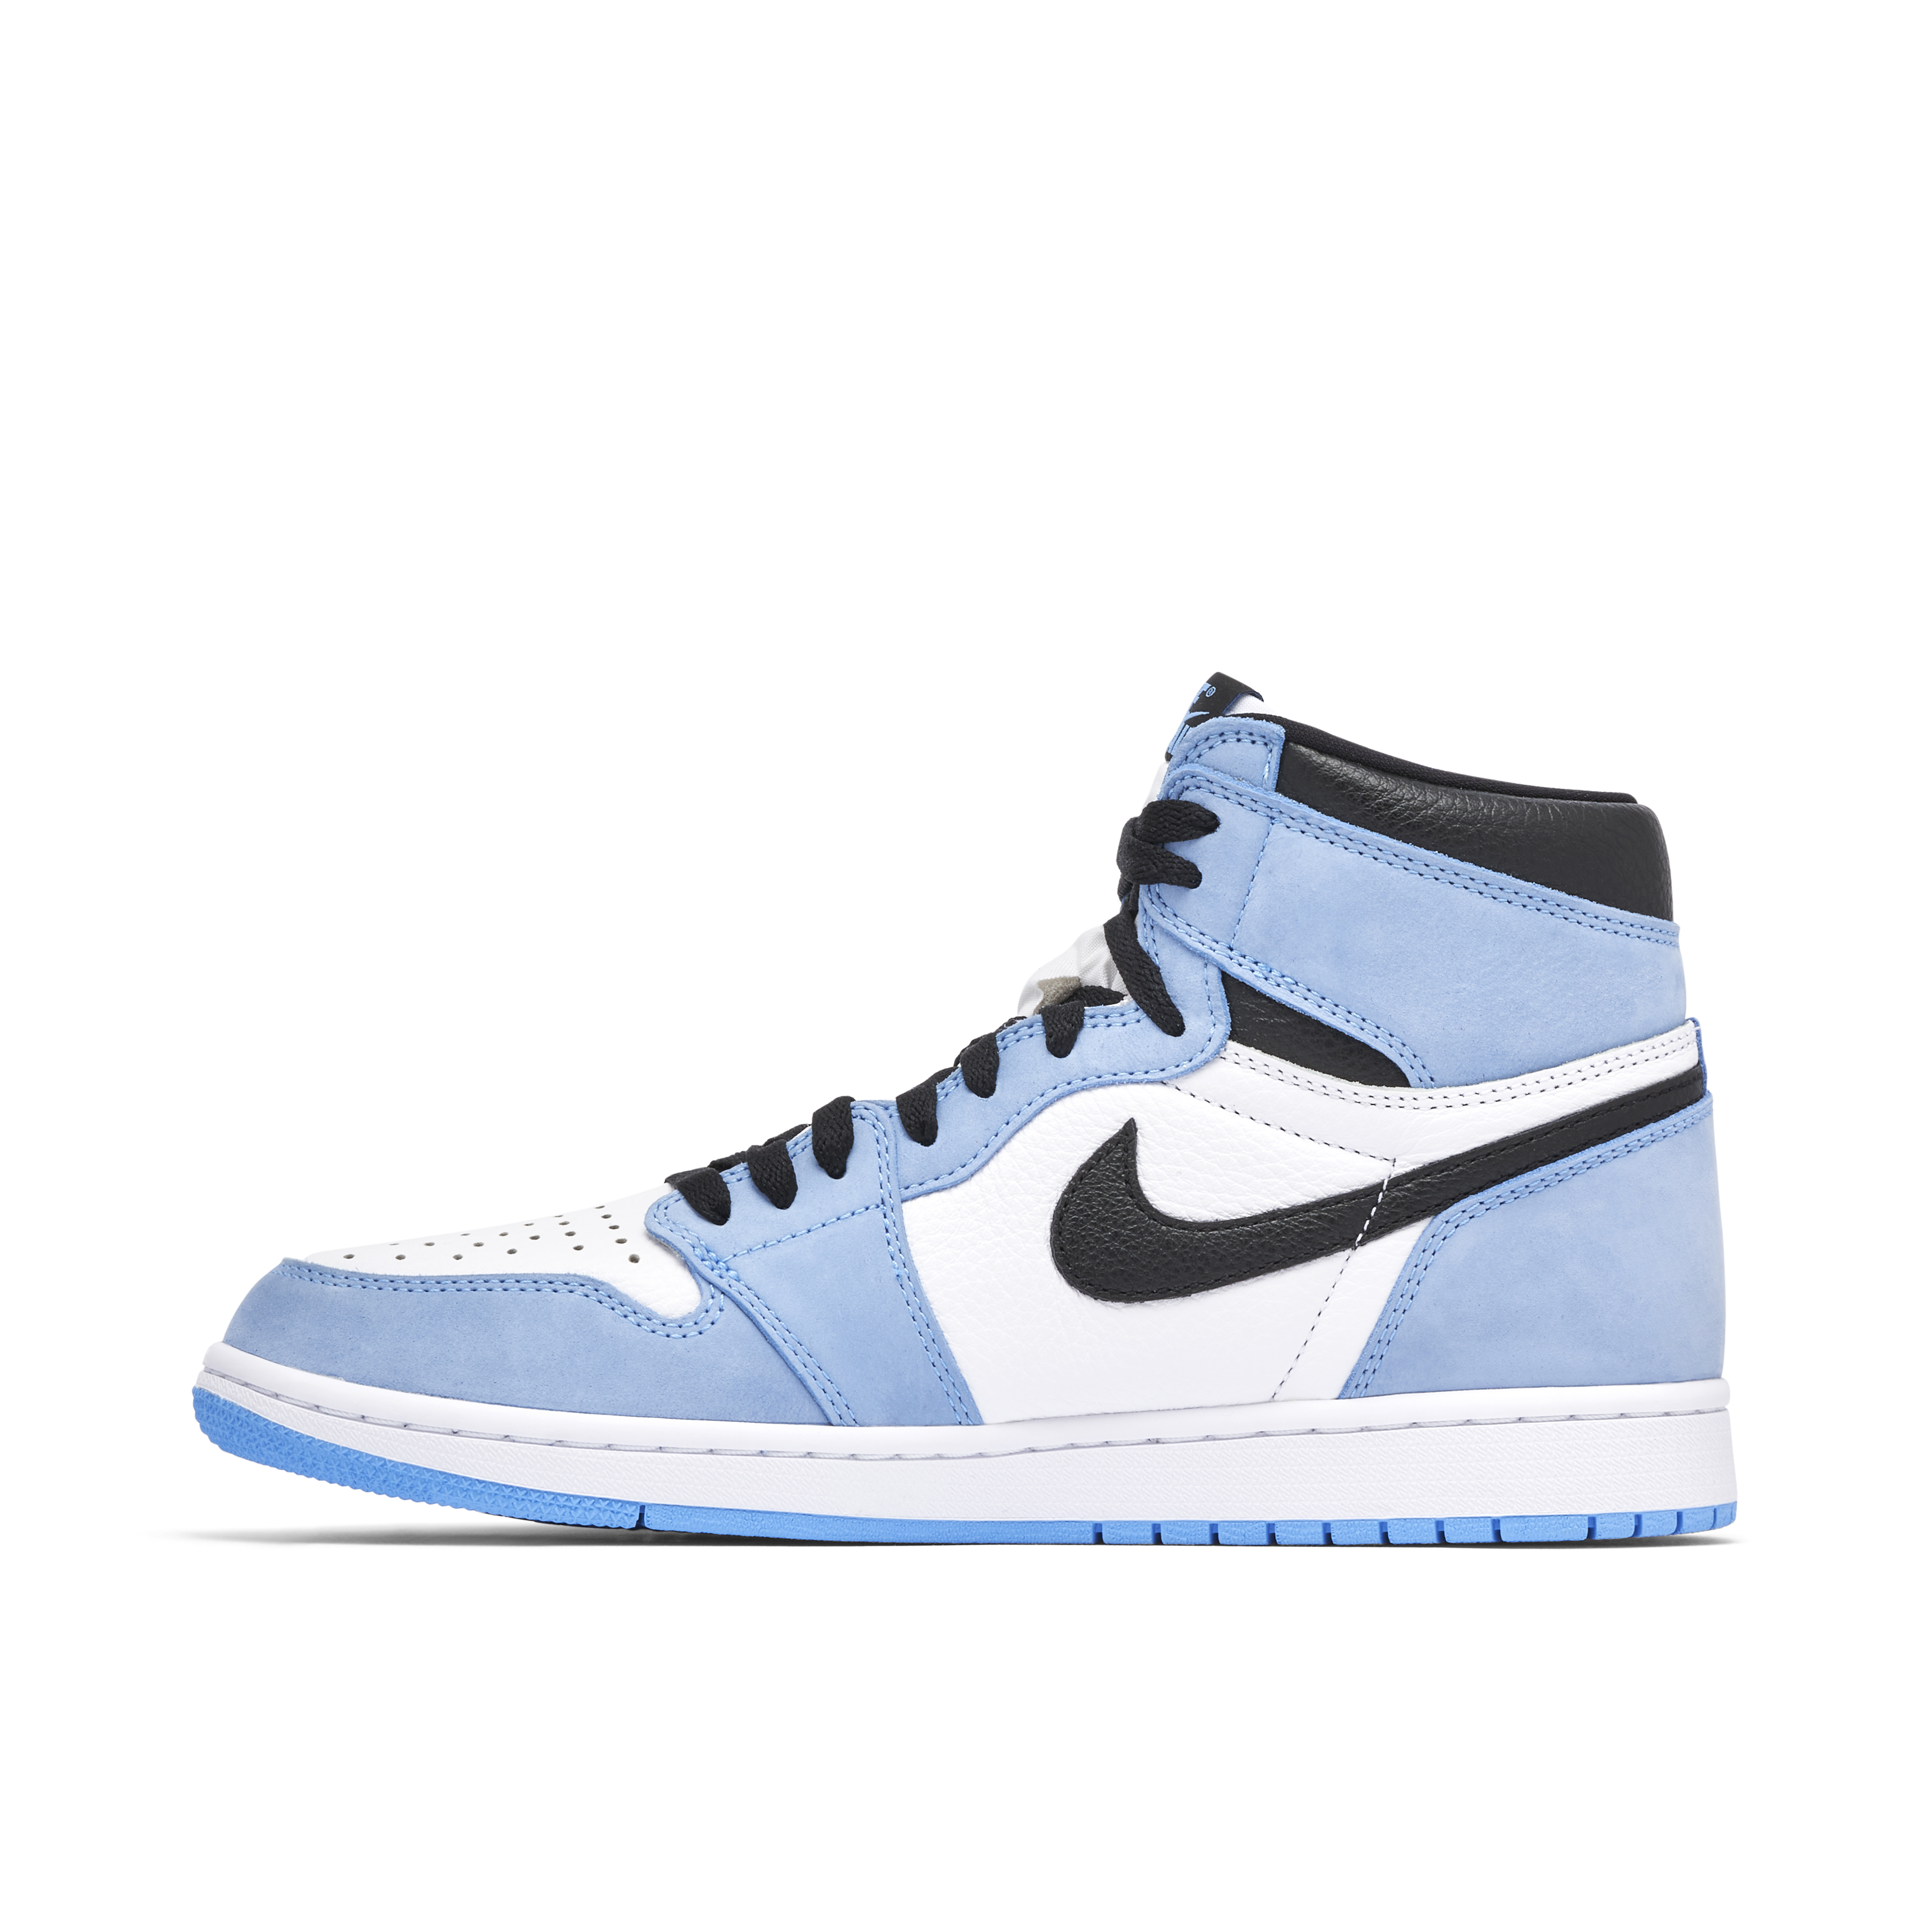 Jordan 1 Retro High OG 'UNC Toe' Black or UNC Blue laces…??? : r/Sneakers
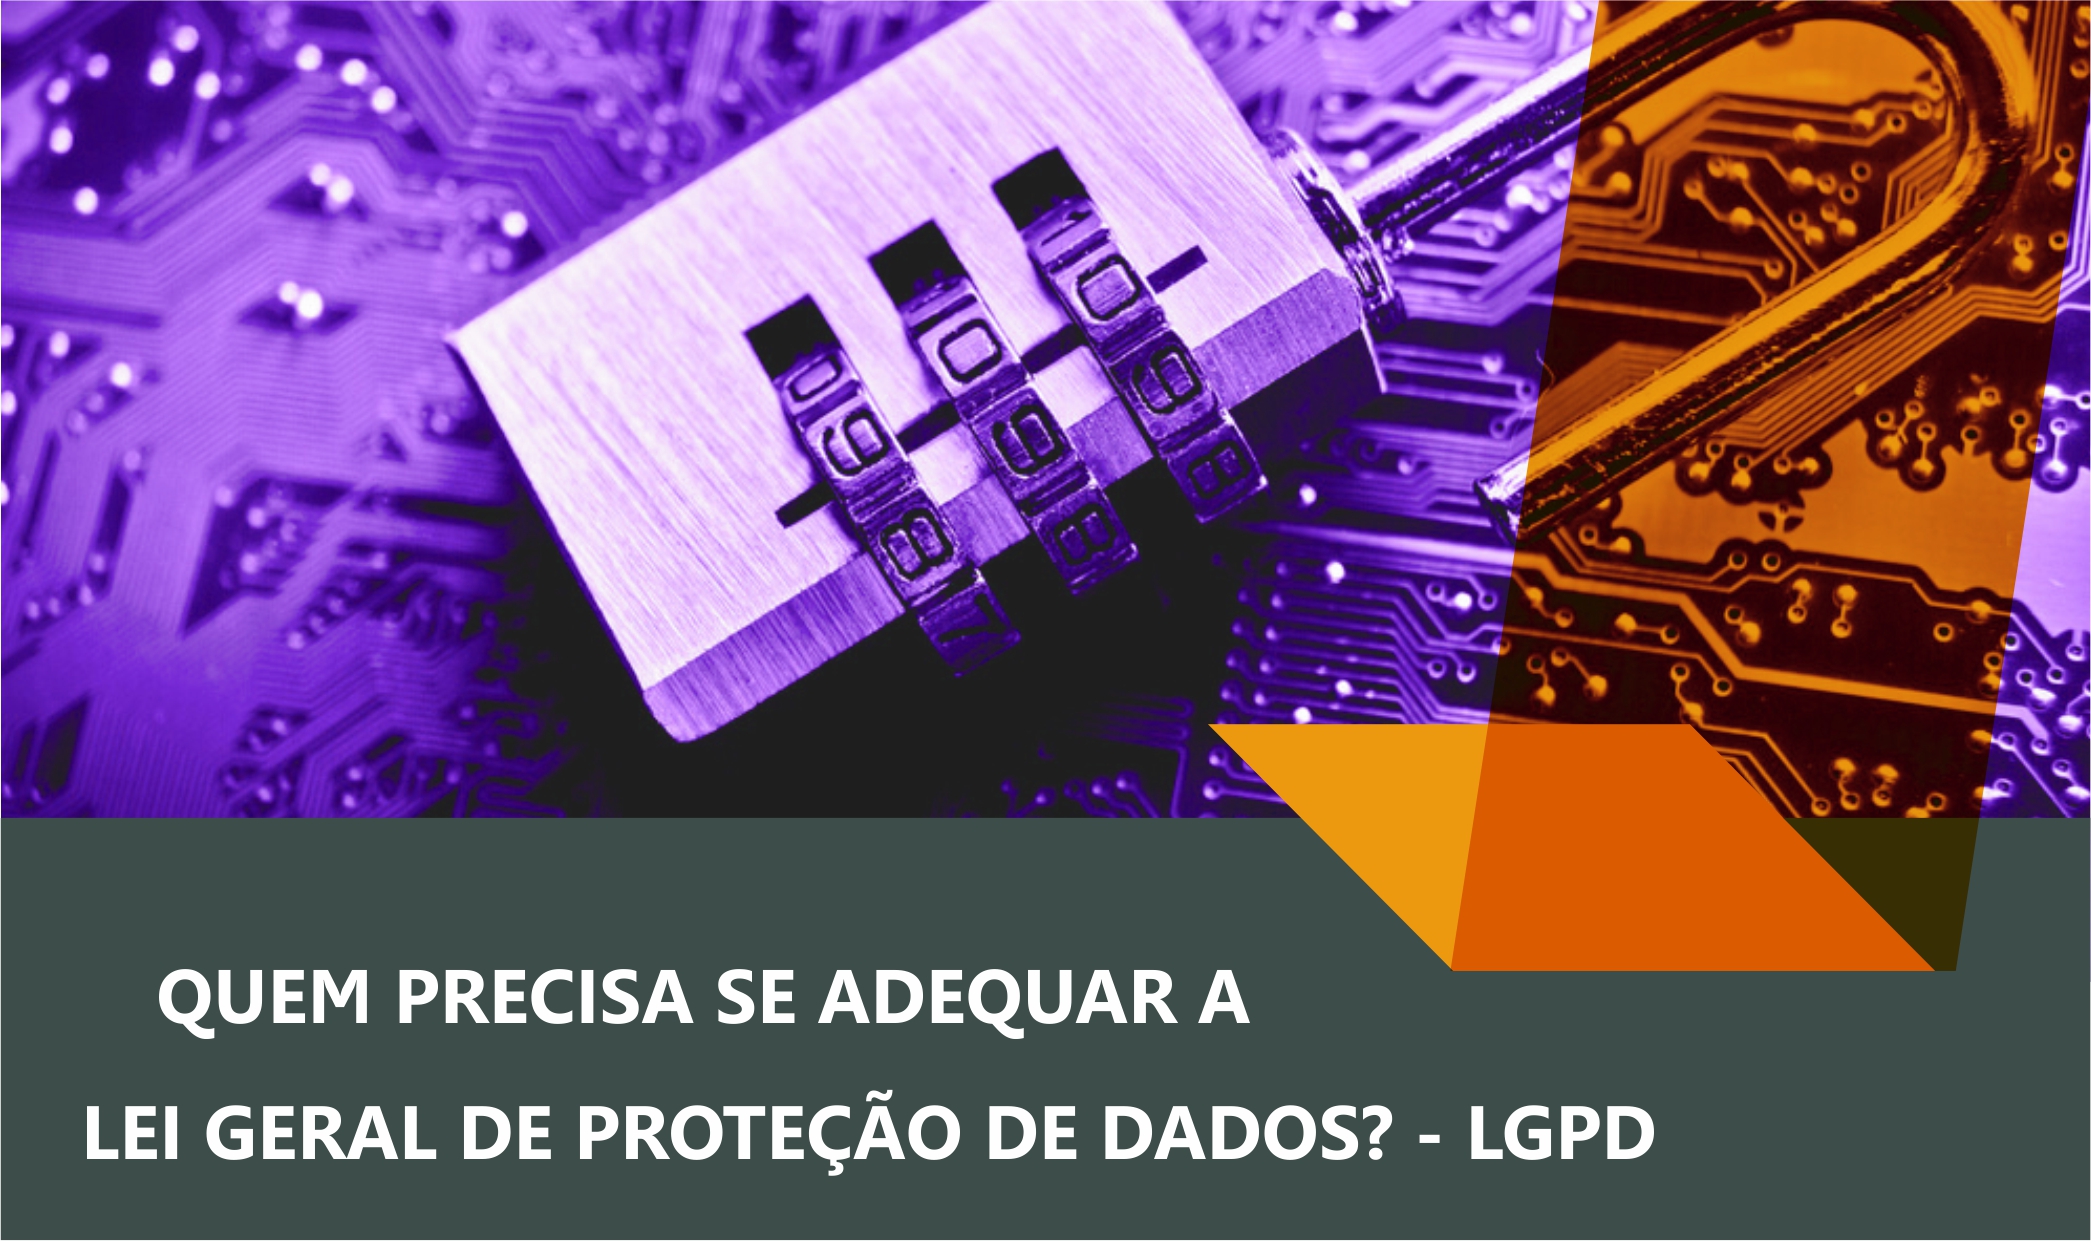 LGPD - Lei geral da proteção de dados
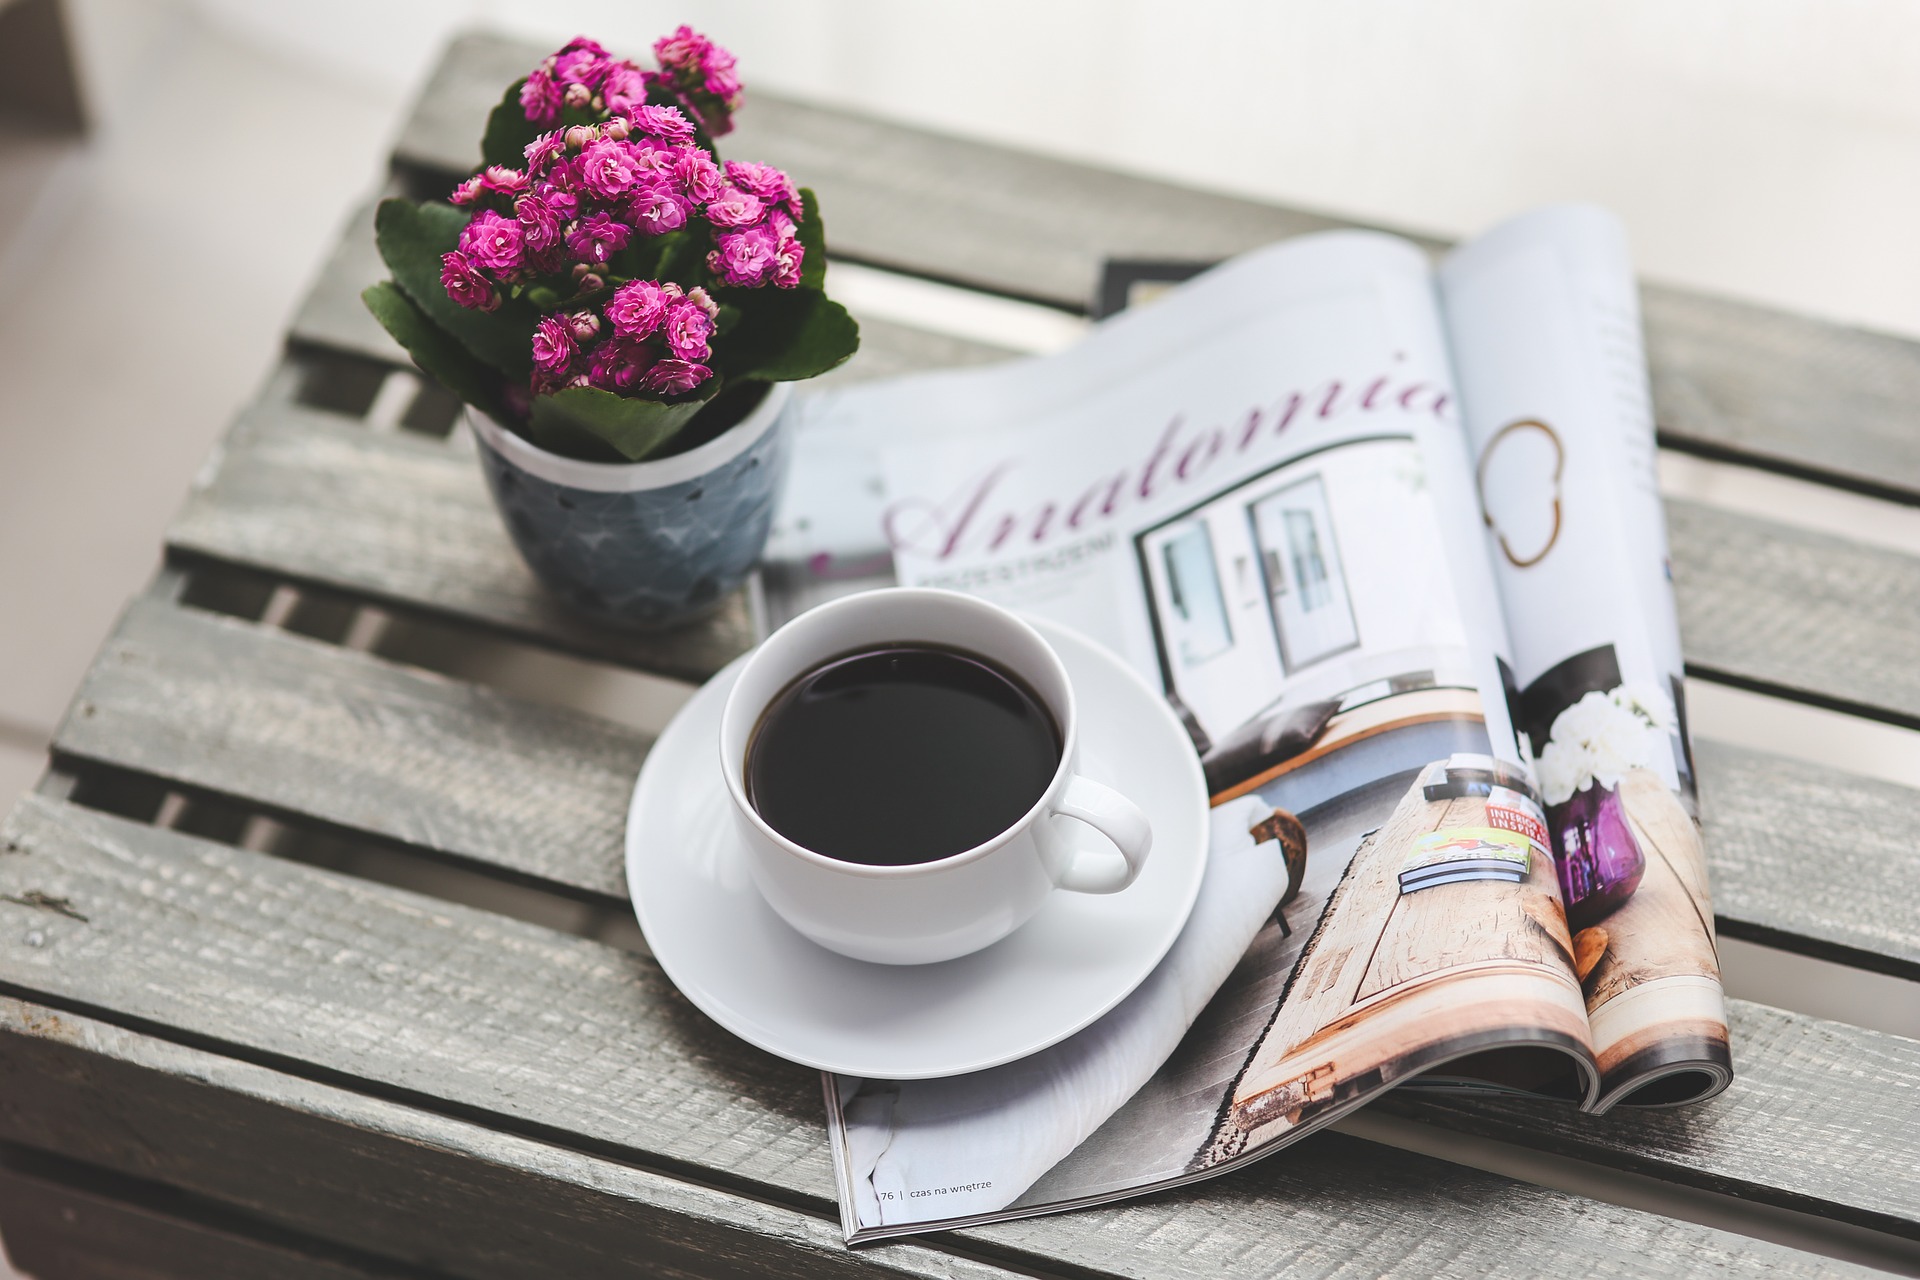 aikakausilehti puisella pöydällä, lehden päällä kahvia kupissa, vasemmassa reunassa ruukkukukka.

» **What to do**: Could you give the material again exactly as it stands, omitting any image?

» **Response to this task**:
 Jordan 1 Retro High OG 'UNC Toe' Black or UNC Blue laces…??? : r/Sneakers
 LGPD - Lei geral da proteção de dados
 aikakausilehti puisella pöydällä, lehden päällä kahvia kupissa, vasemmassa reunassa ruukkukukka.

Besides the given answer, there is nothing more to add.